Saving predicted tensor to image in TensorFlow – Graph finalized

Question:

I was able to train a model in TensorFlow with my own data. Input and Output of the model are images. I now tried to get the output of the predictions and save it to an png image file to see what’s going on. Unfortunately I am getting an error when running the following function I created to test with predictions. My goal is to save the prediction that is also an image so I can open it with a normal image viewer.

Some more to the code. In my main I am creating an estimator

def predict_element(my_model, features):
  eval_input_fn = tf.estimator.inputs.numpy_input_fn(
    x=features,
    num_epochs=1,
    shuffle=False)

  eval_results = my_model.predict(input_fn=eval_input_fn)

  predictions = eval_results.next() #this returns a dict with my tensors
  prediction_tensor = predictions["y"] #get the tensor from the dict
  
  image_tensor = tf.reshape(prediction_tensor, [IMG_WIDTH, -1]) #reshape to a matrix due my returned tensor is a 1D flat one
  decoded_image = tf.image.encode_png(image_tensor)
  write_image = tf.write_file("output/my_output_image.png", decoded_image)
  
  with tf.Session() as sess:
    sess.run(tf.global_variables_initializer())
    print(sess.run(write_image))

def get_input():
  filename_dataset = tf.data.Dataset.list_files("features/*.png")
  label_dataset = tf.data.Dataset.list_files("labels/*.png")

  # Make a Dataset of image tensors by reading and decoding the files.
  image_dataset = filename_dataset.map(lambda x: tf.cast(tf.image.decode_png(tf.read_file(x), channels=1),tf.float32))
  l_dataset = label_dataset.map(lambda x: tf.cast(tf.image.decode_png(tf.read_file(x),channels=1),tf.float32))

  image_reshape = image_dataset.map(lambda x: tf.reshape(x, [IM_WIDTH * IM_HEIGHT]))
  label_reshape = l_dataset.map(lambda x: tf.reshape(x, [IM_WIDTH * IM_HEIGHT]))

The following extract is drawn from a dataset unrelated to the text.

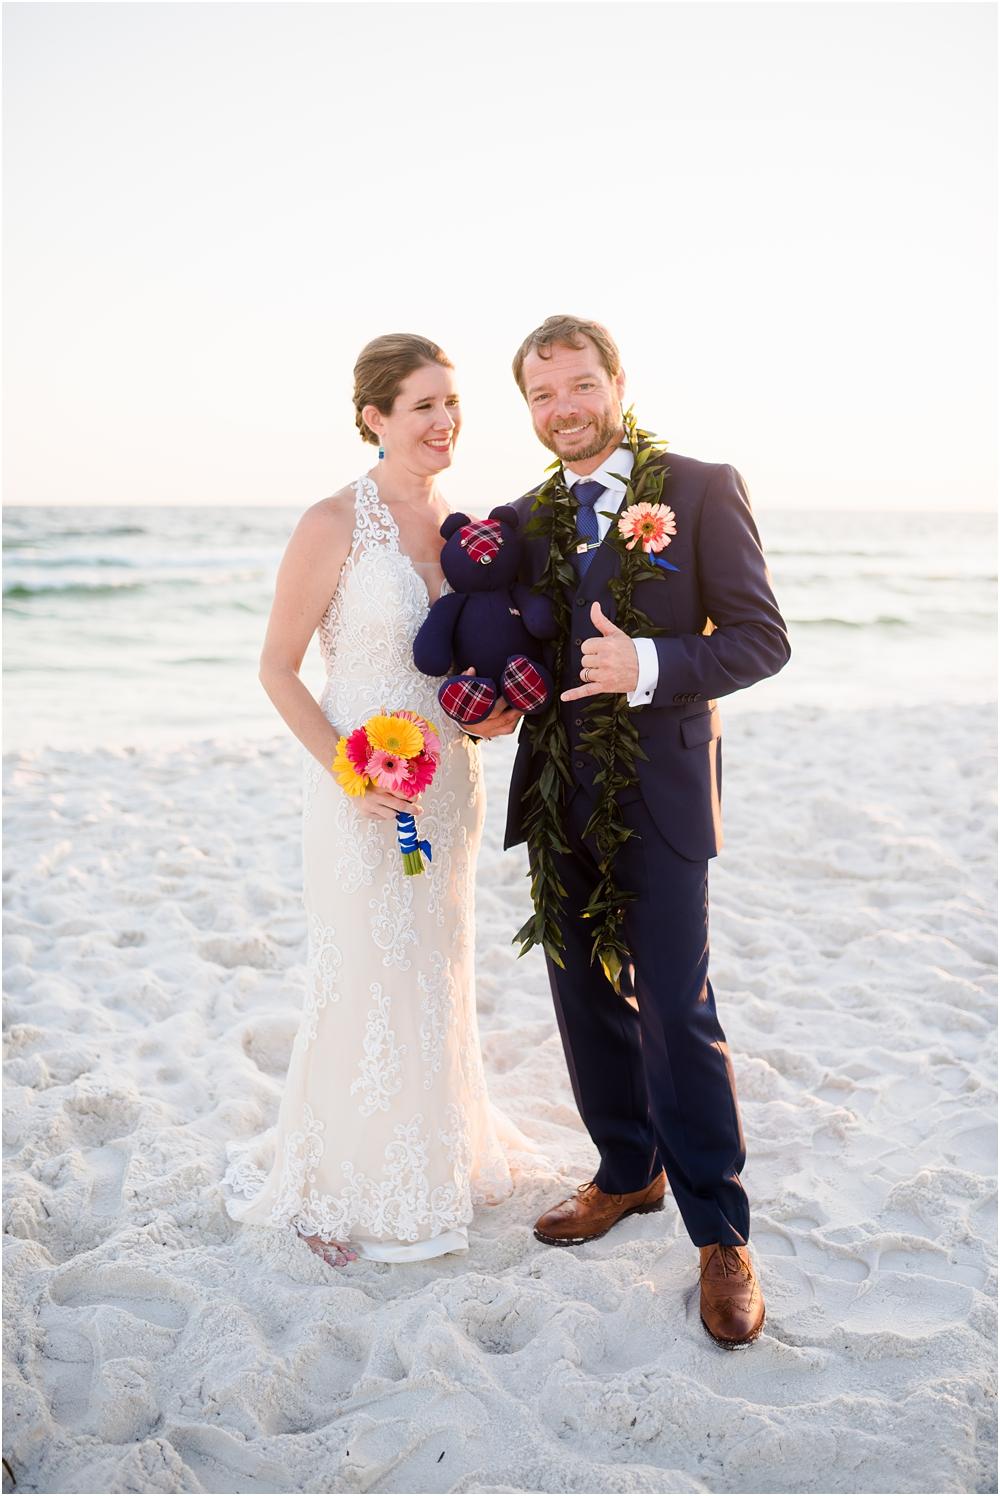 ledman-wedding-kiersten-stevenson-photography-30a-panama-city-beach-dothan-tallahassee-(494-of-763).JPG

  iterator = image_reshape.make_one_shot_iterator()
  iterator2 = label_reshape.make_one_shot_iterator()

  next_img = iterator.get_next()
  next_lbl = iterator2.get_next()

  features = []
  labels = []
  # read all 10 images and labels and put it in the array
  # so we can pass it to the estimator
  with tf.Session() as sess:
    sess.run(tf.global_variables_initializer())
    for i in range(10):
      t1, t2 = sess.run([next_img, next_lbl])
      features.append(t1)
      labels.append(t2)

  return {"x": np.array(features)}, np.array(labels)

def main(unused_argv):
    features, labels = get_input() # creating the features dict {"x": }
    my_estimator = tf.estimator.Estimator(model_fn=my_cnn_model, model_dir="/tmp/my_model")

    predict_element(my_estimator, features)

The error is

Graph is finalized and cannot be modified

With some easy print() statements I could see that retrieving the dict with

eval_results = my_model.predict(input_fn=eval_input_fn)

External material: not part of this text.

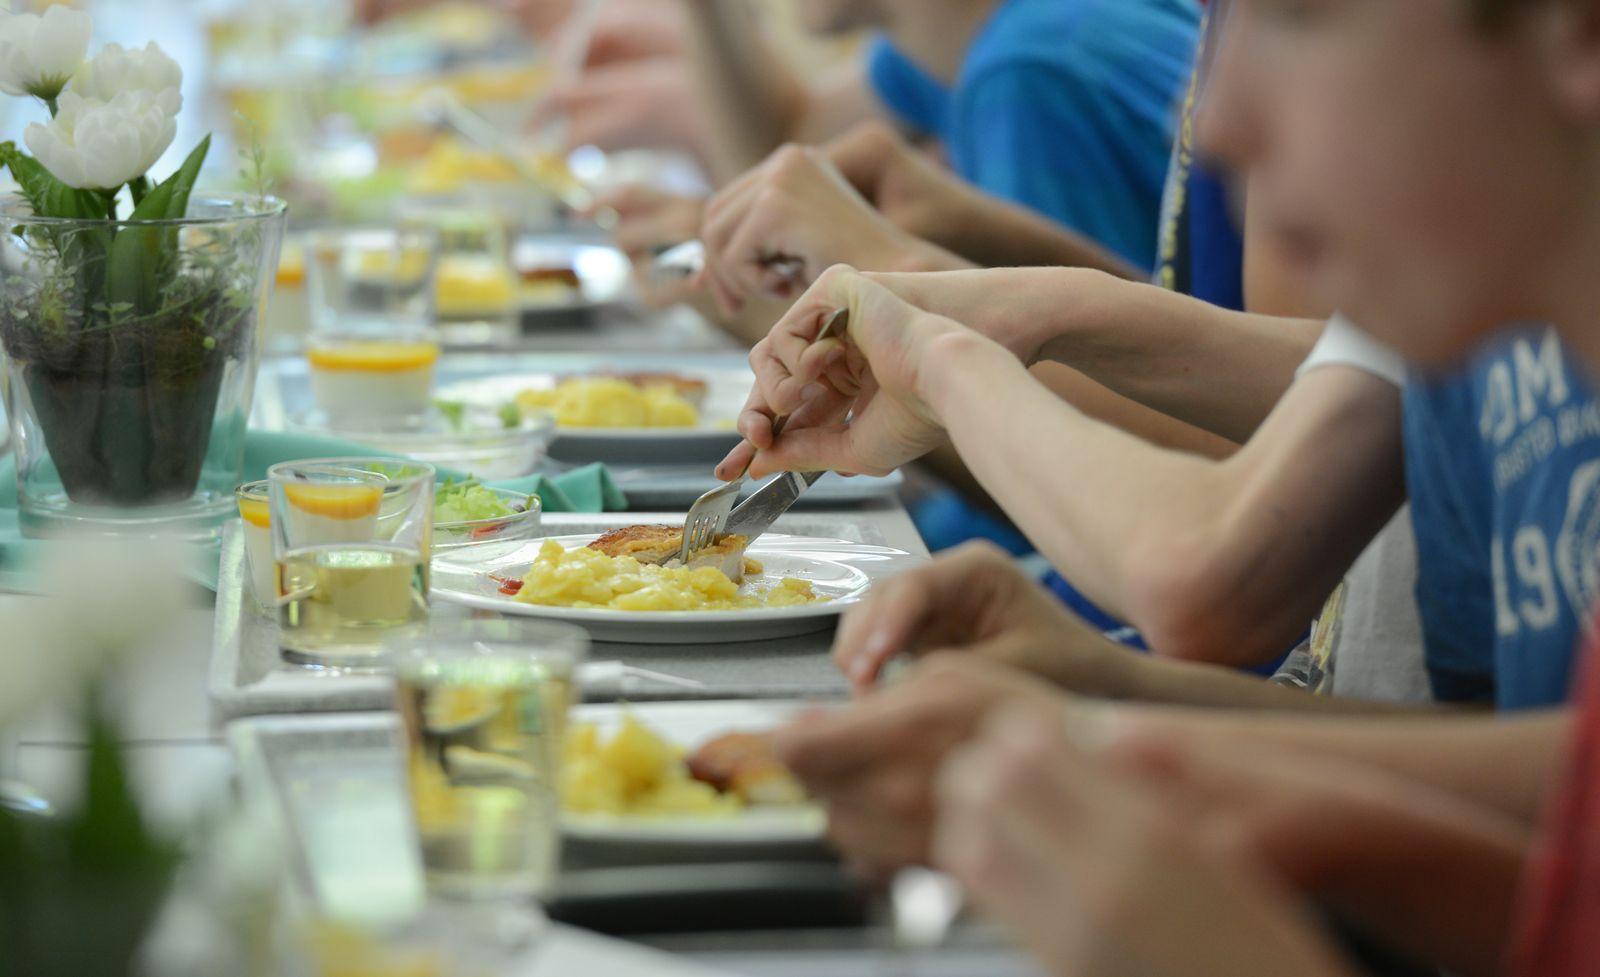 schlechtes Essen an den Schulen / Mittagessen Ganztageschule

is probable the one which finalizes the graph.
I absolutely don’t know what to do or where to look for a solution here. How could I save the output?

I tried this in my model_fn:

#the last layer of my network is dropout
predictions = {
   "y": dropout
    }

  if mode == tf.estimator.ModeKeys.PREDICT:
    reshape1 = tf.reshape(dropout, [-1,IM_WIDTH, IM_HEIGHT])
    sliced = tf.slice(reshape1, [0,0,0], [1, IM_WIDTH, IM_HEIGHT])
    encoded = tf.image.encode_png(tf.cast(sliced, dtype=tf.uint8))
    outputfile = tf.write_file(params["output_path"], encoded)
    return tf.estimator.EstimatorSpec(mode=mode, predictions=predictions)

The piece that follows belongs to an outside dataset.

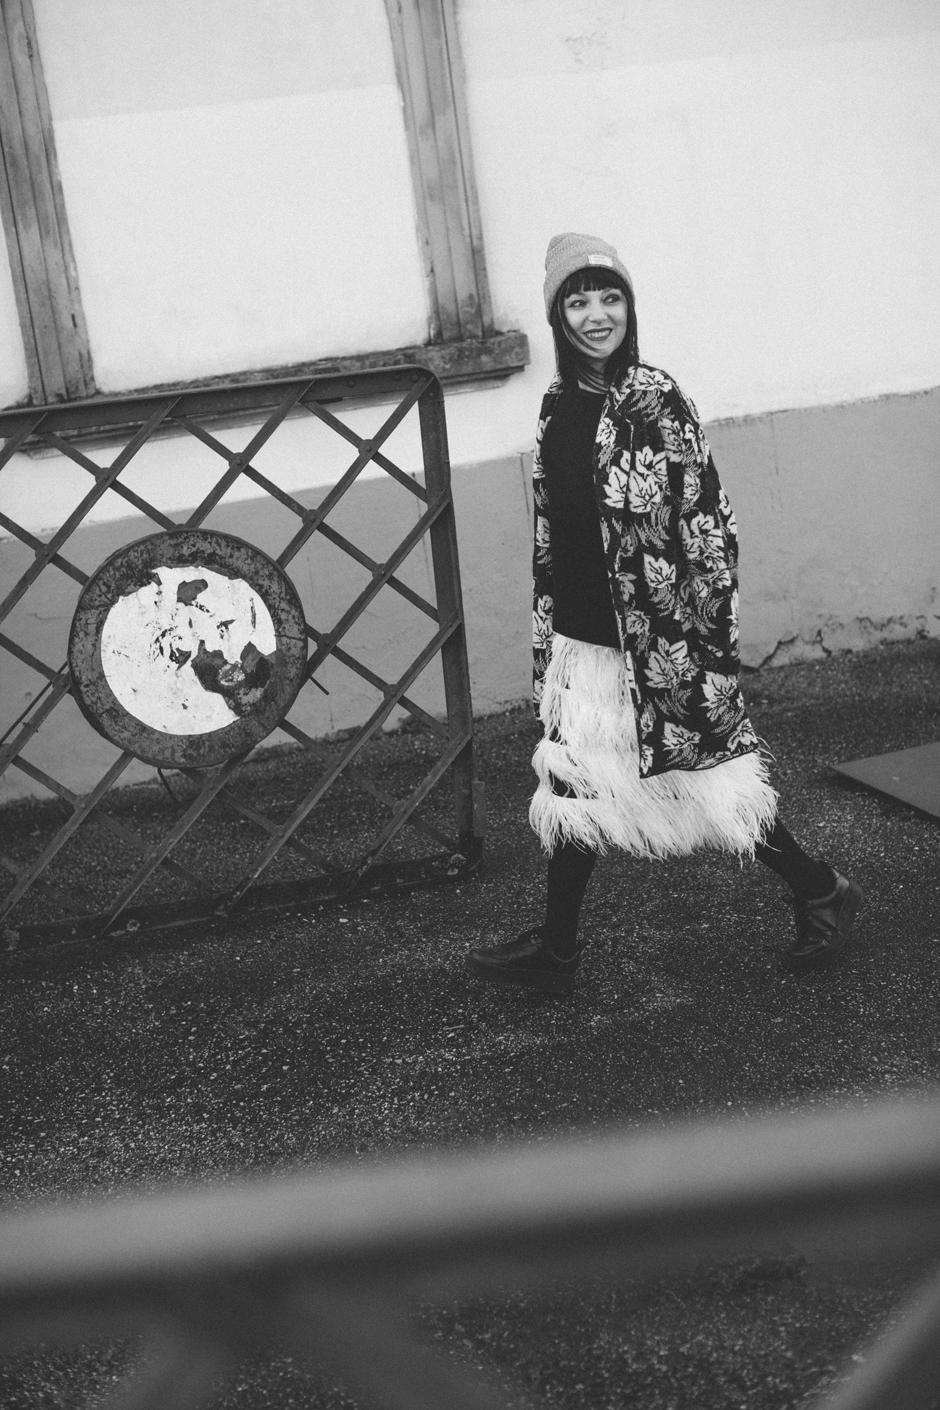 Sandra Bacci, bianco e nero, Mia wish

My problem here is that I can’t pass back the "outputfile" node so I can work with it.

Asked By: Talto

||

Answers:

Well your graph is finalized and cannot be modified. You can either add this tensorflow operations to your model (before running it) or simply write some python code which saves the images seperately (without using tensorflow). Maybe I’ll find some old code of mine as an example.

You could also create a second graph, then you can use tensorflow without changing the existing model graph.

You have to distinguish between graph nodes and evaluated objects. tf.reshape doesn’t take an array as input but a graph node.
https://www.tensorflow.org/programmers_guide/graphs

Answered By: Felix

for everyone with the same problem here is my solution. I don’t know if this is the proper way but it works.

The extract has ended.